Rebecca Blake Eames was among those accused of witchcraft during the Salem witch trials of 1692.
Rebecca Eames was in the crowd at the August 19, 1692, hanging of witches in Salem when she was accused of causing a pinprick in the foot of another spectator. She was arrested. Eames later testified that the devil had appeared to her as a colt and had persuaded her to follow him. She testified that she had allowed her son Daniel to be baptized by the devil. She confessed to afflicting Timothy Swan.
She was examined again on August 31, 1692 by John Hathorne and Jonathan Corwin. She repeated her confession and implication of her son Daniel as a wizard and her confession of afflicting Timothy Swan.
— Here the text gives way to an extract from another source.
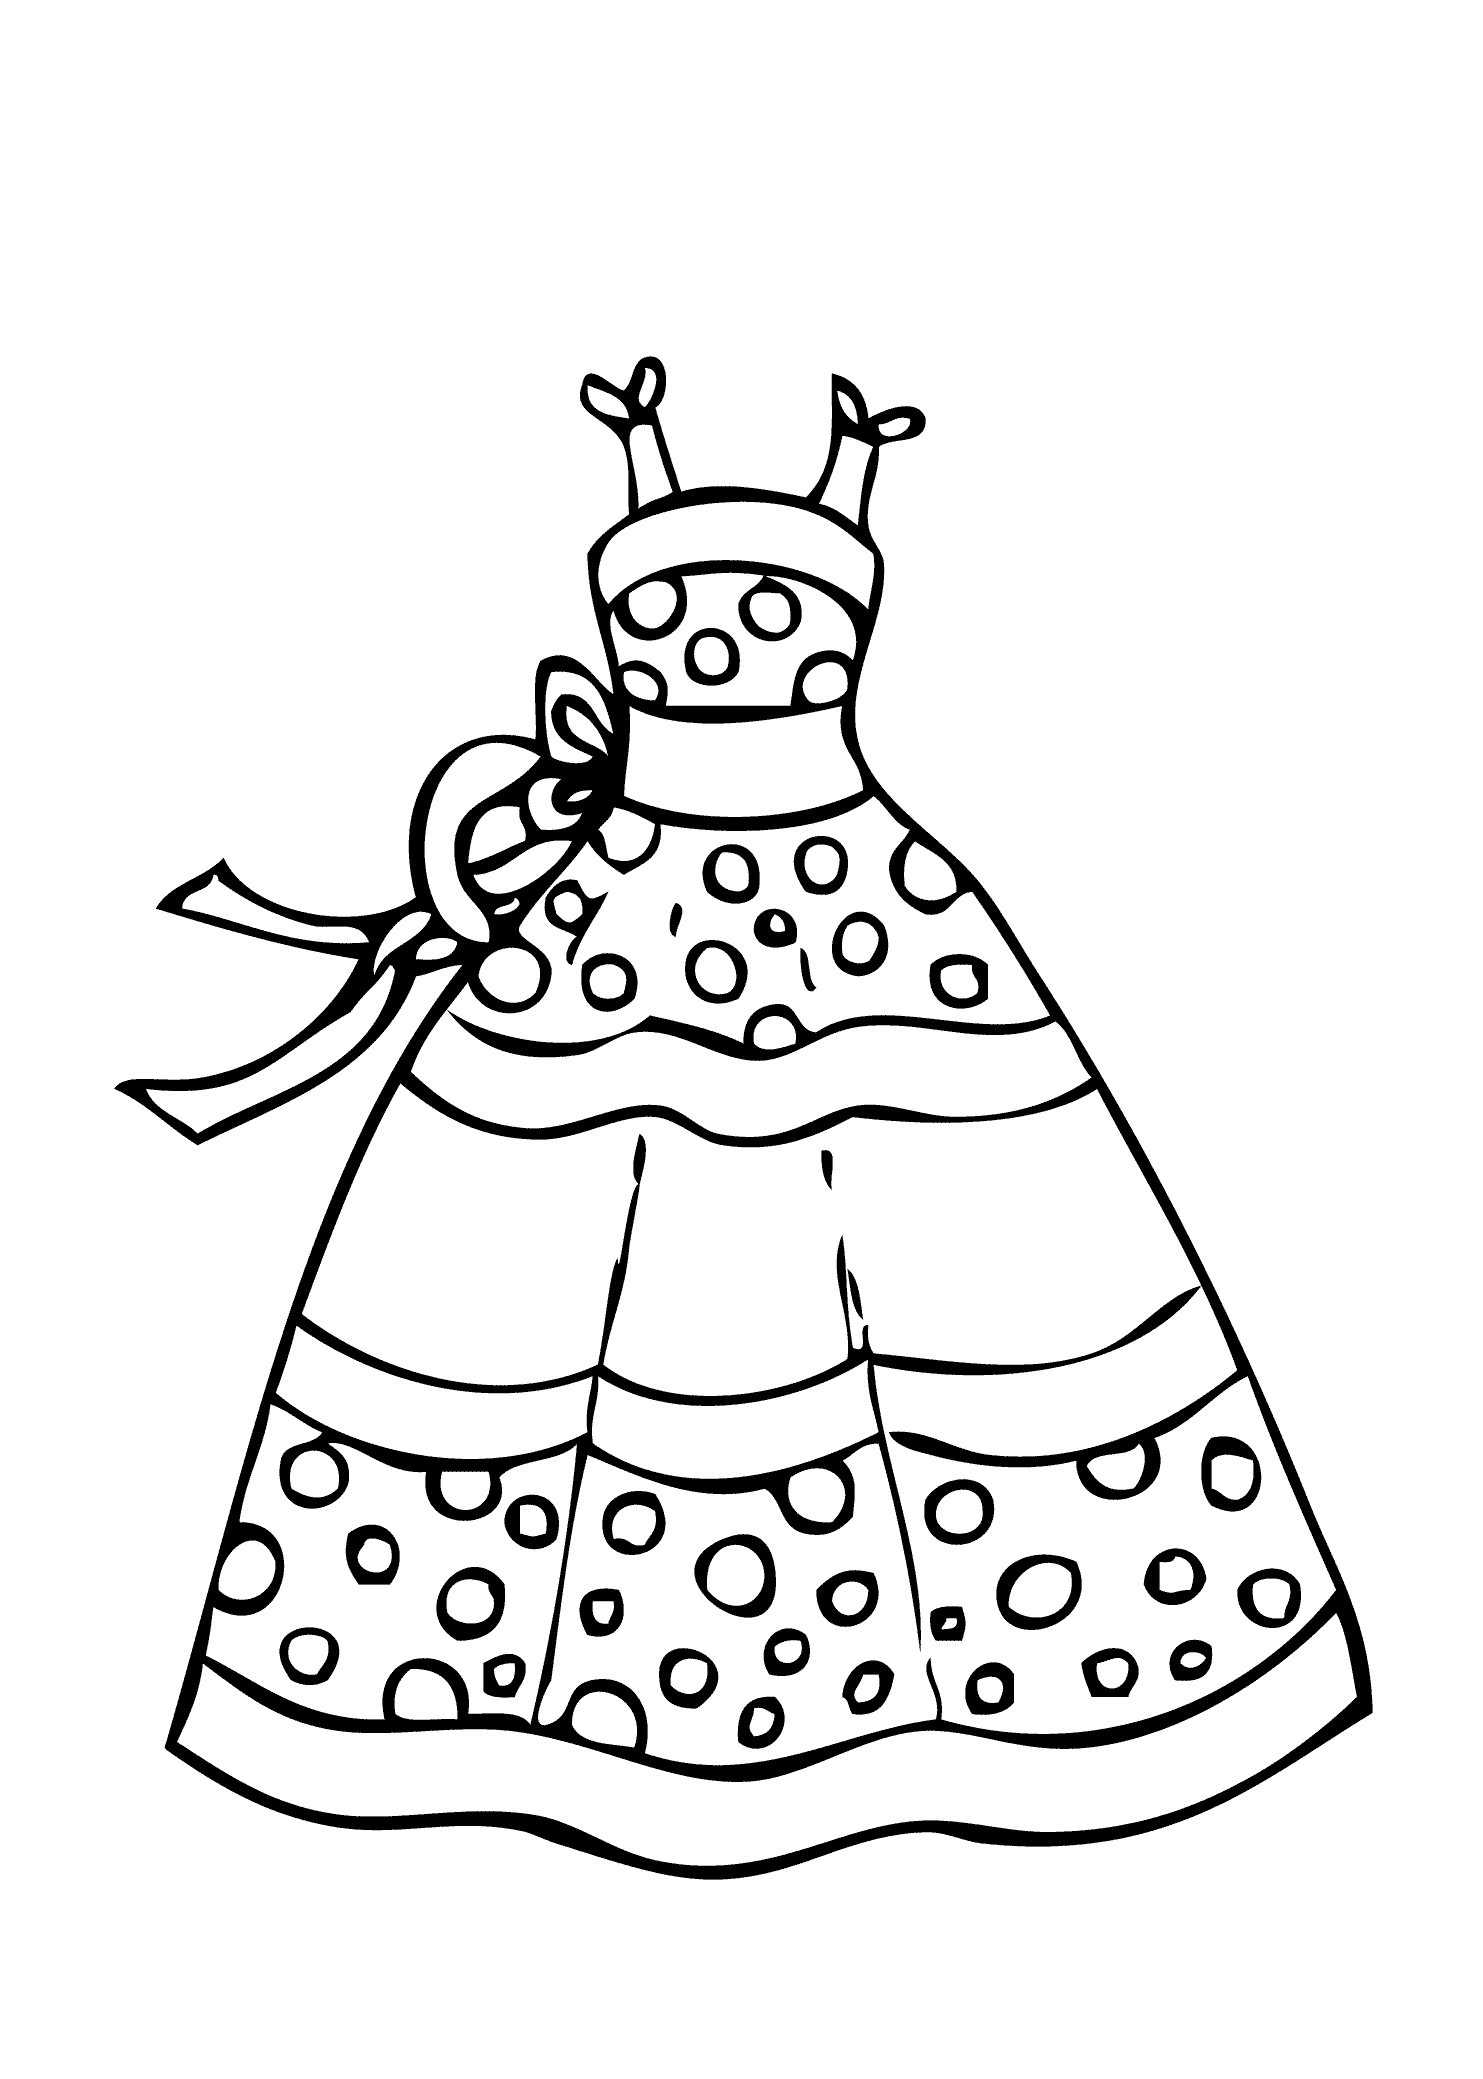 Clothing Coloring Page Printable Coloring Pages For All

She also implicated "Toothaker Widow" and Abigail Faulkner as fellow witches.
Mary Walcott, Mary Warren and Ann Putnam Jr. gave testimony on September 15 that they had been afflicted by Rebecca Eames. She was tried and convicted on September 17, with nine others. They were all condemned to die. Four of those nine were executed on September 22. In October, the Court of Oyer and Terminer was dissolved. Rebecca Eames remained in Salem prison. On December 5, she submitted a petition to Governor Phips retracting her "false and untrue" confession, saying she had been "hurried out of my Senses" by Abigail Hobbs and Mary Lacey who had said she would be hanged if she did not confess. Her husband, Robert Eames, died on July 22, 1693, four months after his wife's release from prison.

Life

Born in February 1641 in Gloucester, Massachusetts, she married Robert Eames, an immigrant from England, in 1661 in Andover, Massachusetts. She died on May 8, 1721 in Boxford, Massachusetts.